Only changed files are re-analyzed:

# Full build
drift callgraph build

# Incremental (default)
drift callgraph build --incremental

# Force full rebuild
drift callgraph build --force

Performance (v1.0 Rust Core)

Codebase Size Build Time Query Time
<10K LOC <1s <50ms
10-100K LOC 1-5s <100ms
100K-1M LOC 5-30s <500ms
>1M LOC 30s-2min <1s

Note: v1.0 introduced SQLite-backed storage and Rust-native parsing, providing 4-8x performance improvements over previous versions.


Best Practices

1. Build Before Querying

# Always scan first
drift scan

# Then query
drift callgraph reach src/api/users.ts:42

2. Use Depth Limits

For large codebases, limit traversal depth:

drift callgraph reach src/api/users.ts:42 --max-depth 5

3. Focus on Sensitive Data

Use --sensitive-only to focus on what matters:

drift callgraph inverse users.password_hash --sensitive-only

4. Combine with Impact Analysis

Before making changes:

# 1. Check what you're changing
drift callgraph function handleLogin

# 2. Check impact
drift callgraph impact handleLogin

# 3. Check test coverage for sensitive data
drift callgraph coverage

# 4. Check what tests to run
drift test-topology affected src/auth/login.ts

Troubleshooting

"No call graph data"

Run drift scan first to build the call graph.

"Function not found"

Check the function name matches exactly.
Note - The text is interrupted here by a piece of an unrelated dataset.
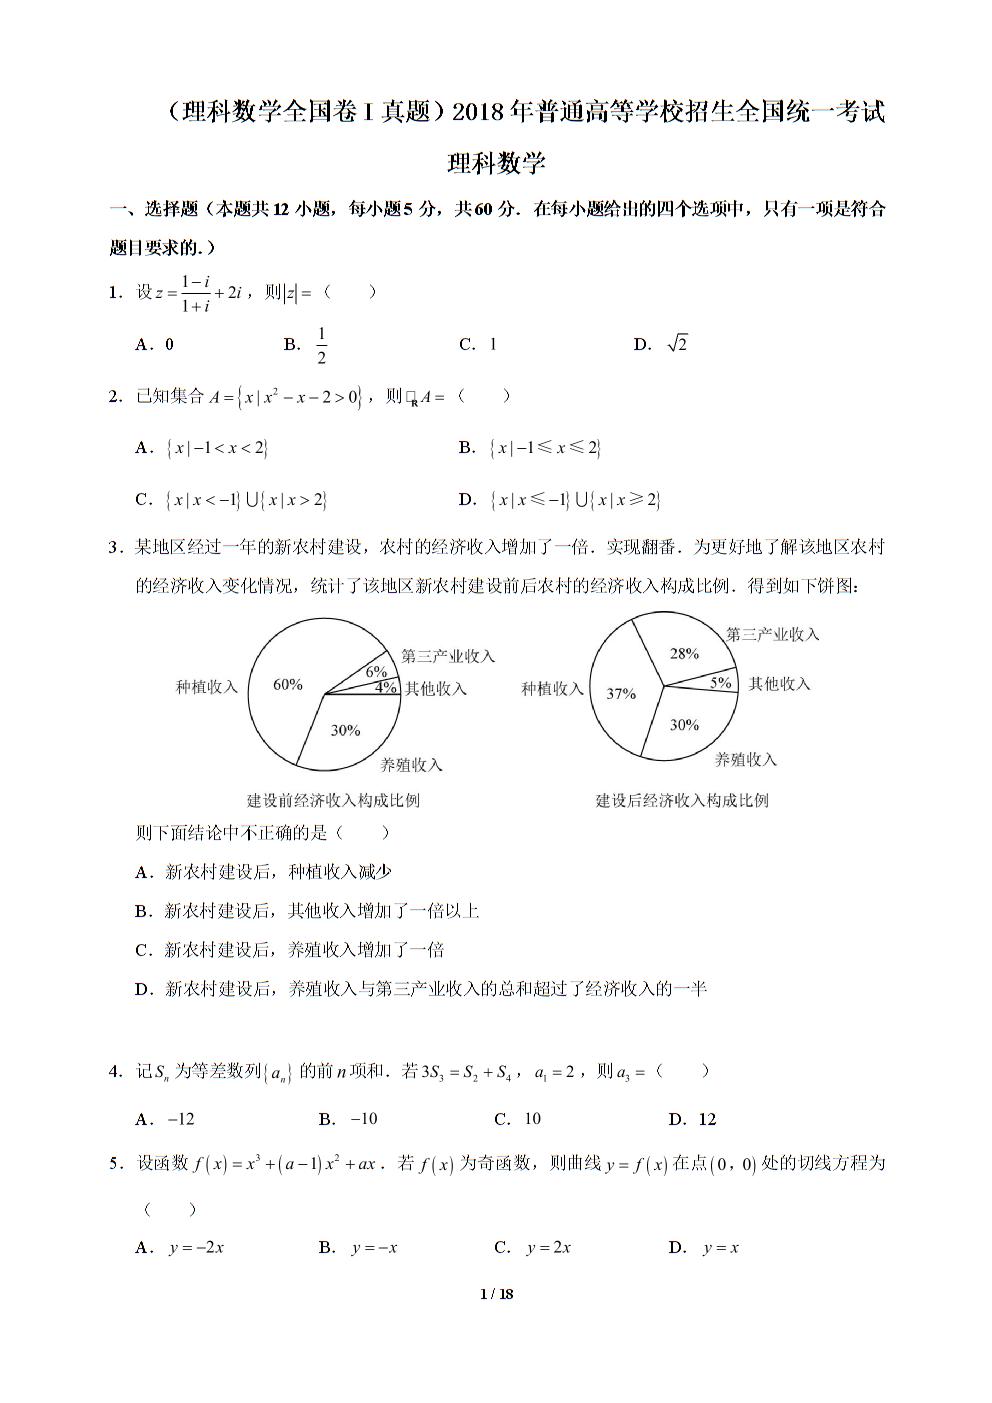 2018年高考理科数学全国卷1全国卷2全国卷3三套真题完美打印版.doc图片

Use drift callgraph status to see what's indexed.

"Slow queries"

  • Use --max-depth to limit traversal
  • Use --sensitive-only to filter results
  • Run drift callgraph build --force to rebuild

"Missing calls"

Some dynamic calls can't be statically analyzed:

  • eval() / exec()
  • Dynamic imports
  • Reflection-based calls

Drift uses regex fallback for common patterns but may miss edge cases.